* Strange data corruption with RW snapshots
@ 2005-10-01 11:20 Eduard Bloch
2005-10-05 15:49 ` Kevin Corry
0 siblings, 1 reply; 4+ messages in thread
From: Eduard Bloch @ 2005-10-01 11:20 UTC (permalink / raw)
To: dm-devel
Hello people,
I am trying to create a modified KNOPPIX using devmapper RW snapshots
instead of its unionfs solution. The problem is: I get corrupted data
and cannot see where it comes from. The relevant part of setup code
is attached below. The resulting snapshot volume looks ok at the first
glance (dmsetup status) and can be mounted (ext2), the directory tree is
displayed but it returns corruped data on most files. I cannot see the
problem, a simulation with the same setup method in another environment
(kernel 2.6.13) did work as expected. Also Ubuntu uses that method for
their Live CD and there it works as well.
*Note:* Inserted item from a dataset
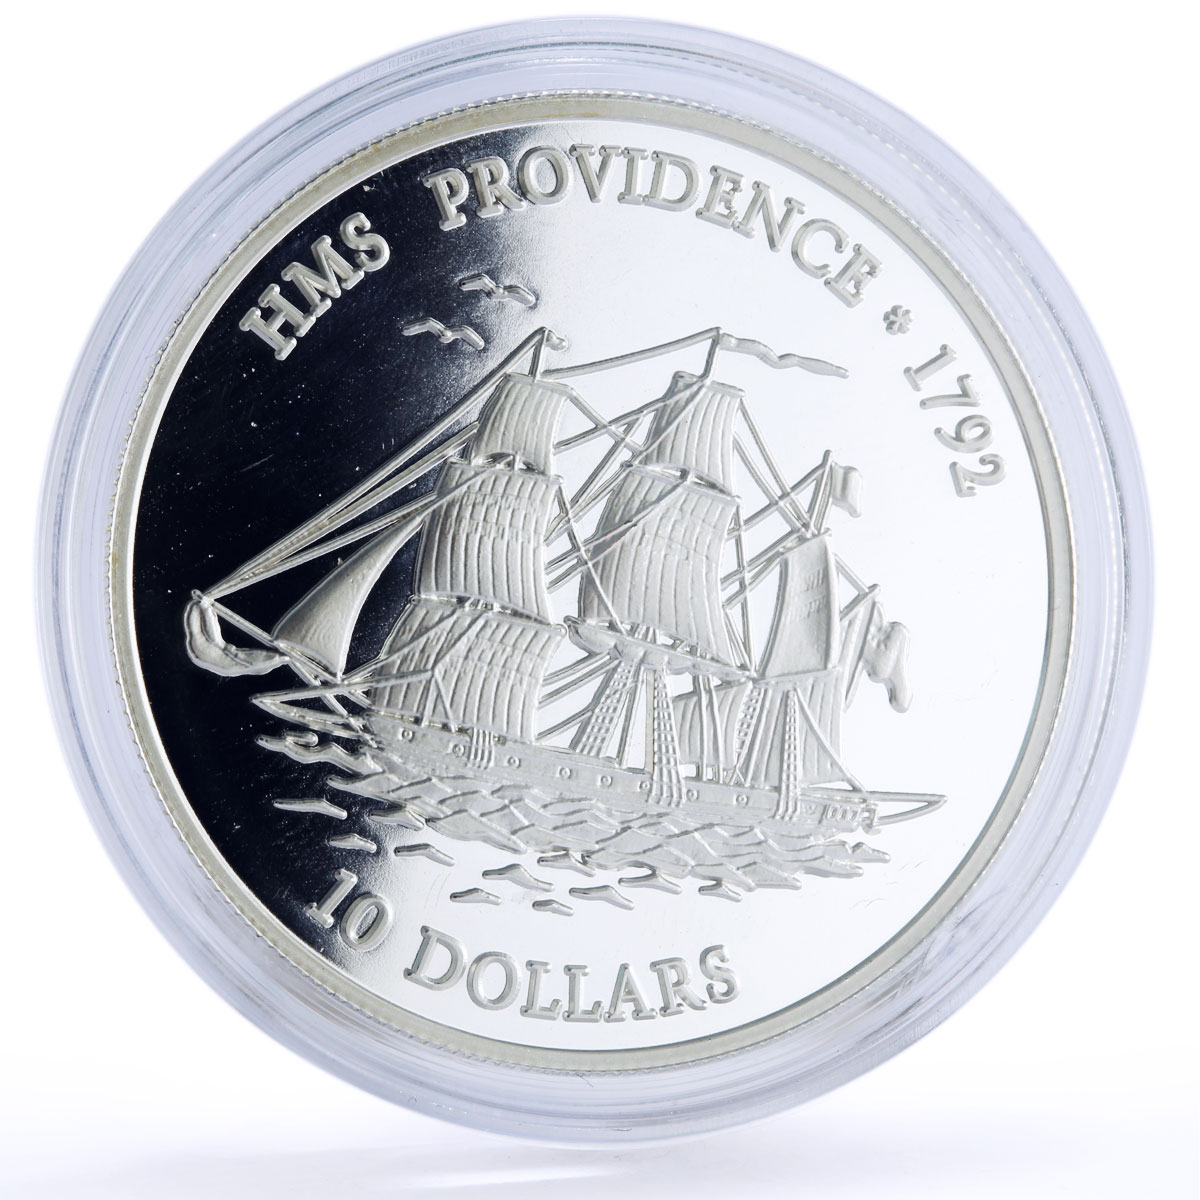 Fiji 10 dollars Seafaring HMS Providence Ship Clipper proof silver coin 2001

I looked for a good and up-to-date documentation of the snapshot target
but could not find anything. I hope someone can give me a clue, I cannot
see how I could solve the problem now.
# state: KNOPDEV is /dev/cloop, readonly block device and mounted on
# /KNOPPIX, DMSETUP is a static. linked version from devmapper-1.01.04,
# kernel is .2.6.12 (.4 or so)
COW_NAME=COW
CHUNK_SIZE=8
SNAPSHOT_NAME=knop_rw
VOL_SIZE=$(blockdev --getsize $KNOPDEV)
# create space for the cow data and assign it to a free loop device COWDEV
echo | dd bs=1 of=/ramdisk/$COW_NAME seek=`expr 512 \* $VOL_SIZE` count=1 2>/dev/null
for x in /dev/loop* ; do if losetup $x >/dev/null 2>&1 ; then continue ; else COWDEV=$x ; break ; fi ; done
losetup $COWDEV /ramdisk/$COW_NAME
umount /KNOPPIX
# critical part, no /KNOPPIX/* system tools for now
$DMSETUP mknodes
echo "0 $VOL_SIZE linear /dev/cloop 0" | $DMSETUP create knop_ro
# this was expected to be a workaround, mapping the loop device to a
# devmapper volume. It did also fail when using pure $COWDEV
echo "0 $VOL_SIZE linear $COWDEV 0" | $DMSETUP create cow
echo "0 $VOL_SIZE snapshot /dev/mapper/knop_ro /dev/mapper/cow p $CHUNK_SIZE" | $DMSETUP create $SNAPSHOT_NAME
$DMSETUP mknodes $SNAPSHOT_NAME
#remount
/static/mount /dev/mapper/$SNAPSHOT_NAME /KNOPPIX
# we are back, rewritable
bash
# And this bash command running on /KNOPPIX already fails with obscure
# errors.
Thanks,
Eduard.
--
<Getty> LOL die Telefonnummer vom Arbeitsamt Mönchengladbach ist echt 404-0?
<Getty> Soll das nen schlechter Scherz sein?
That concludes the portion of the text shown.